Automated Chart Review for Identifying Factors Associated with Childhood Asthma by Utilizing Electronic Medical Records 
Sunday, March 4, 2018: 4:30 PM
South Hall A2 (Convention Center)
Chung-Il Wi, MD, So-Hyun Lee, Sungrim Moon, PhD, Hee Yun Seol, MD, Sunghwan Sohn, PhD, Euijung Ryu, PhD, Hongfang Liu, PhD, Young J. Juhn, MD MPH
RATIONALE: Our recently validated natural language processing (NLP) algorithms using electronic medical records (EMRs) significantly reduced the time and effort for chart review for ascertaining asthma status. We extended our prior work to leverage NLP algorithms for extracting individual risk factors for childhood asthma from EMRs.

METHODS: We utilized a convenience sample (n=397) of the 1997-2007 Olmsted County Birth Cohort. The training cohort (n=177) was used for training the NLP systems for extracting from both children’s and their parents’ EMRs key terms/sentences related to 1) a patient (child) level (ie, history of breastfeeding and other atopic conditions [allergy rhinitis, eczema, and food allergy] and 2) a family level (ie, family history of asthma and other atopic conditions) risk factors. We assessed the performance of the NLP algorithms with manual chart review as gold standard (criterion validity) in an independent test cohort (n=220).
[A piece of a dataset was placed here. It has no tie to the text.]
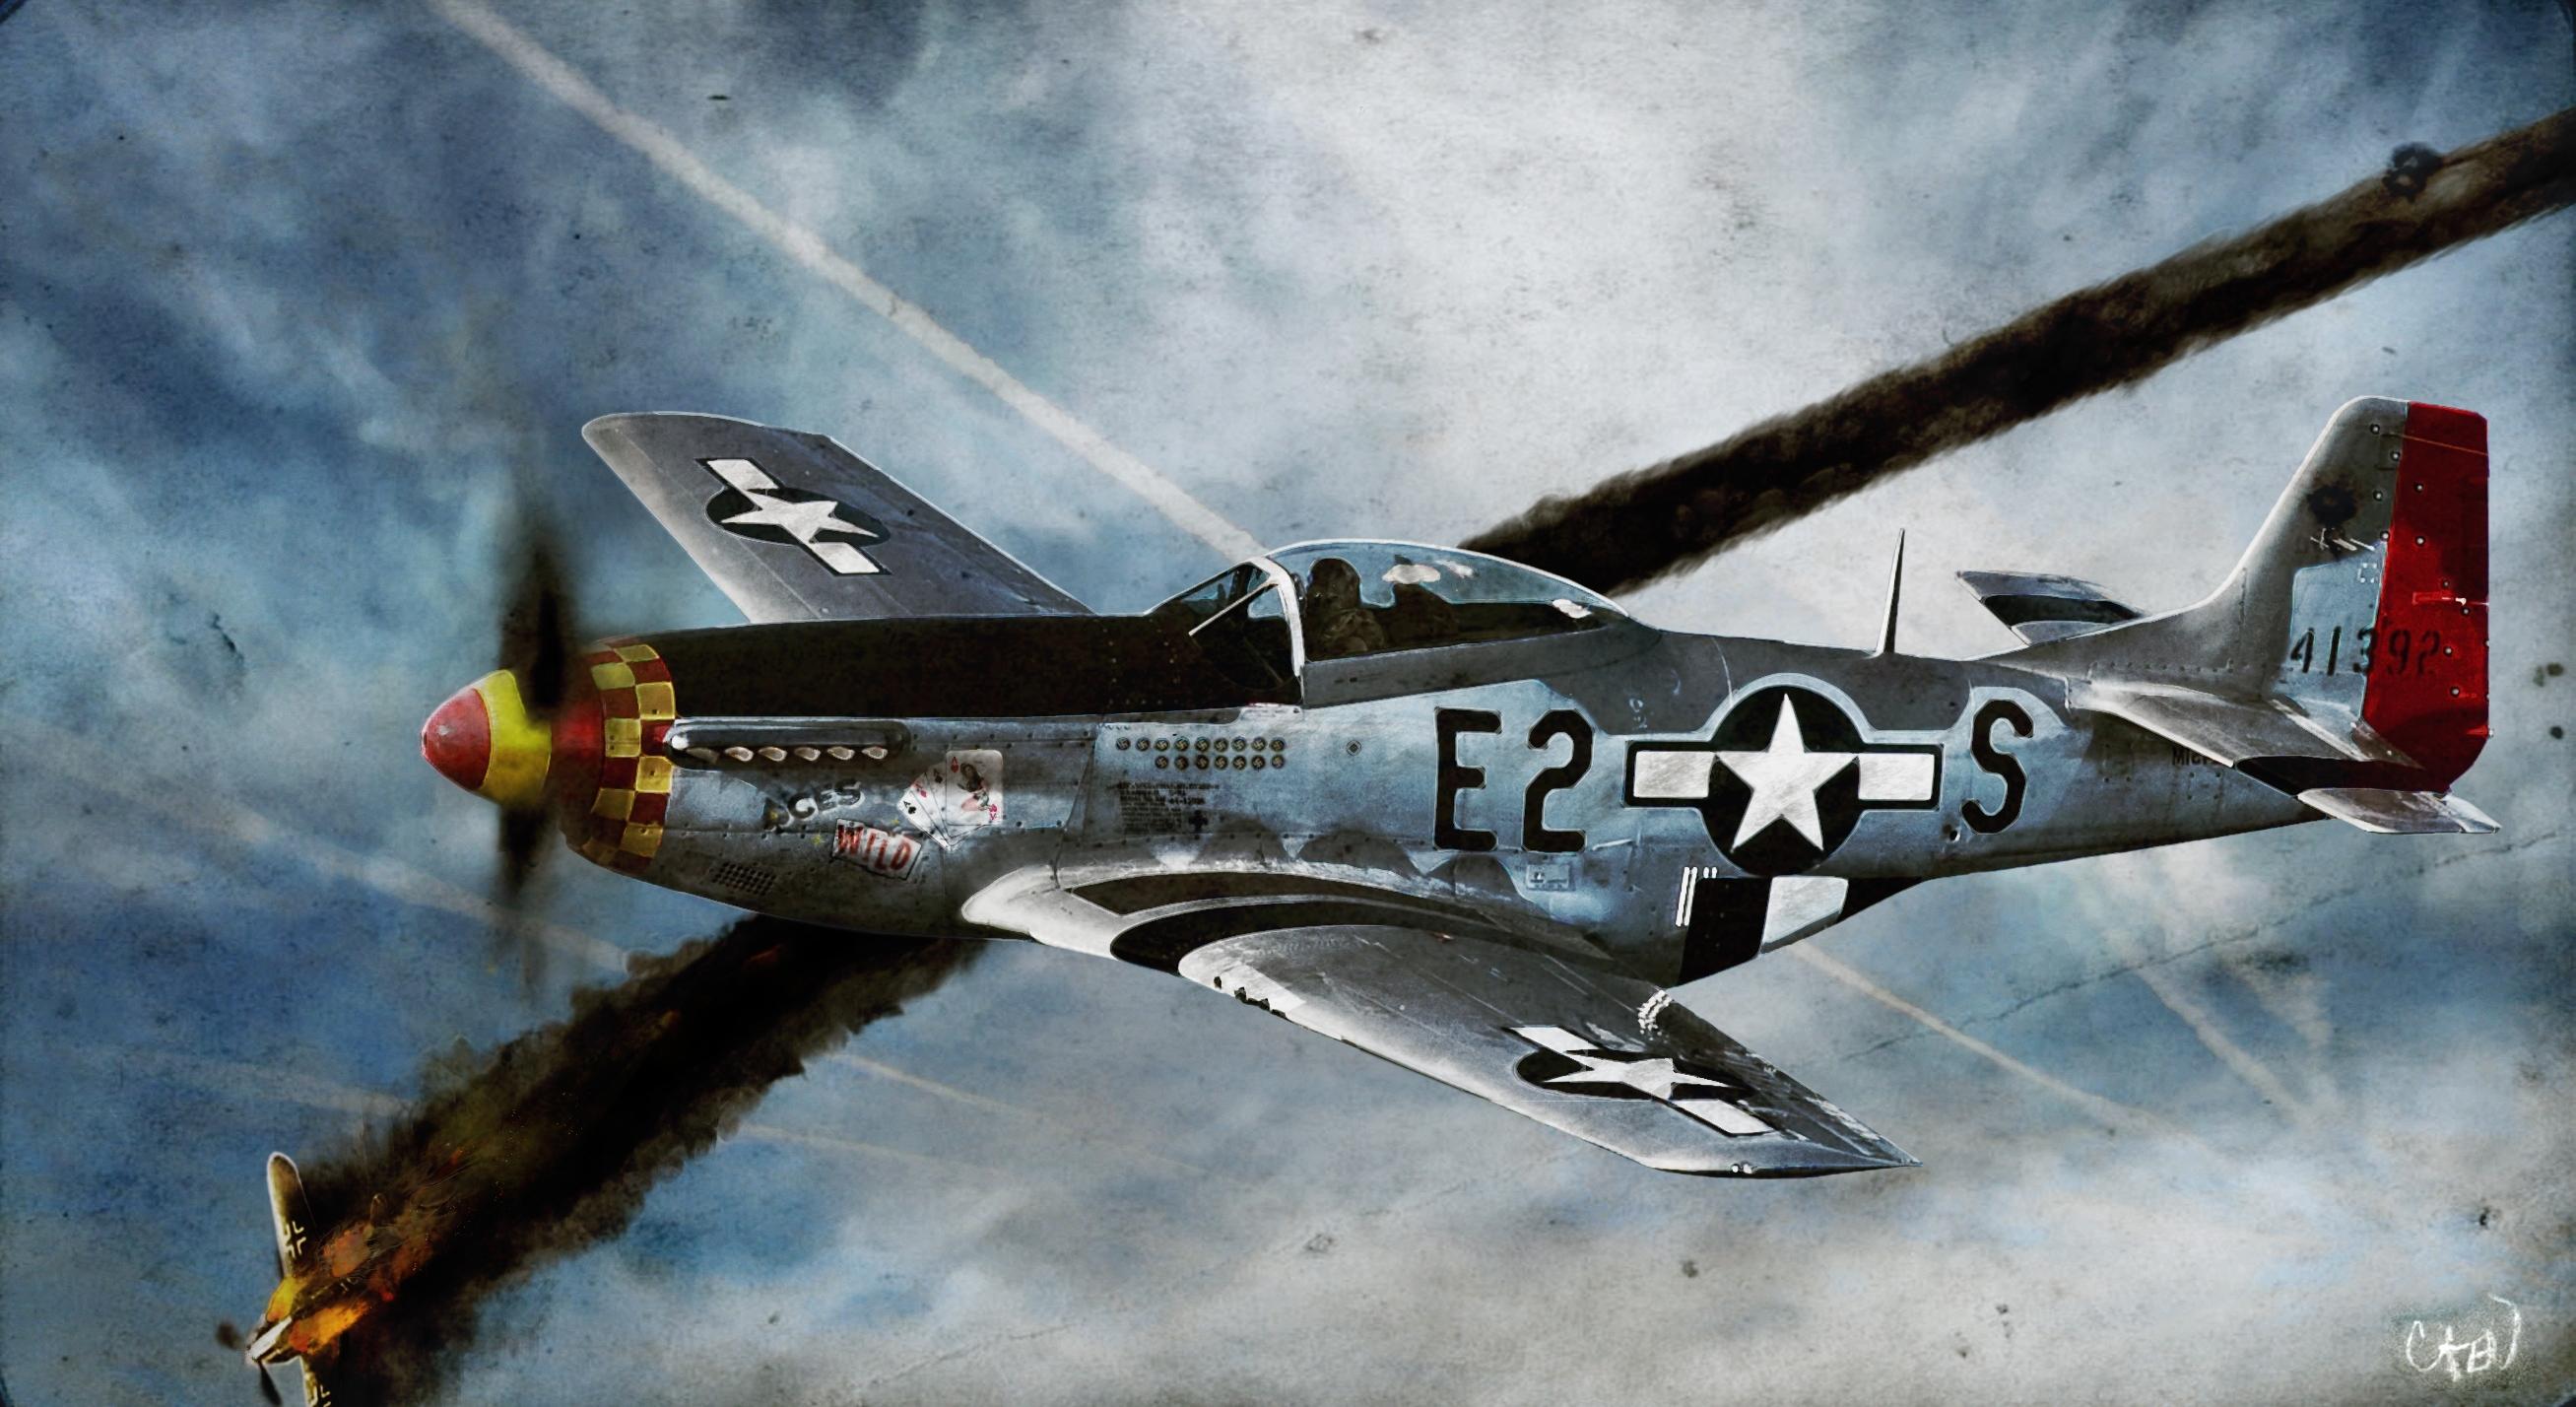 north american p-51 mustang full hd fond d'écran and arrière-plan

RESULTS: The median age of the test cohort was 13 years (50 % female, 81% Whites, 63% asthmatics). 90% and 6% of children had history of breastfeeding and food allergy, respectively with prevalence of other histories ranging 15-52%. Positive predictive values for NLP algorithms in predicting each asthma-related variable were 87-100% and negative predictive values were 86-99%. The average time duration for collecting risk factors for asthma obtained in this study was 7 hours for manual chart review and 50 minutes for NLP algorithms.

CONCLUSIONS: As the NLP algorithms for identifying individual risk factors for asthma from EMRs are cost-effective and suitable, it will be a useful tool for large-scale clinical studies.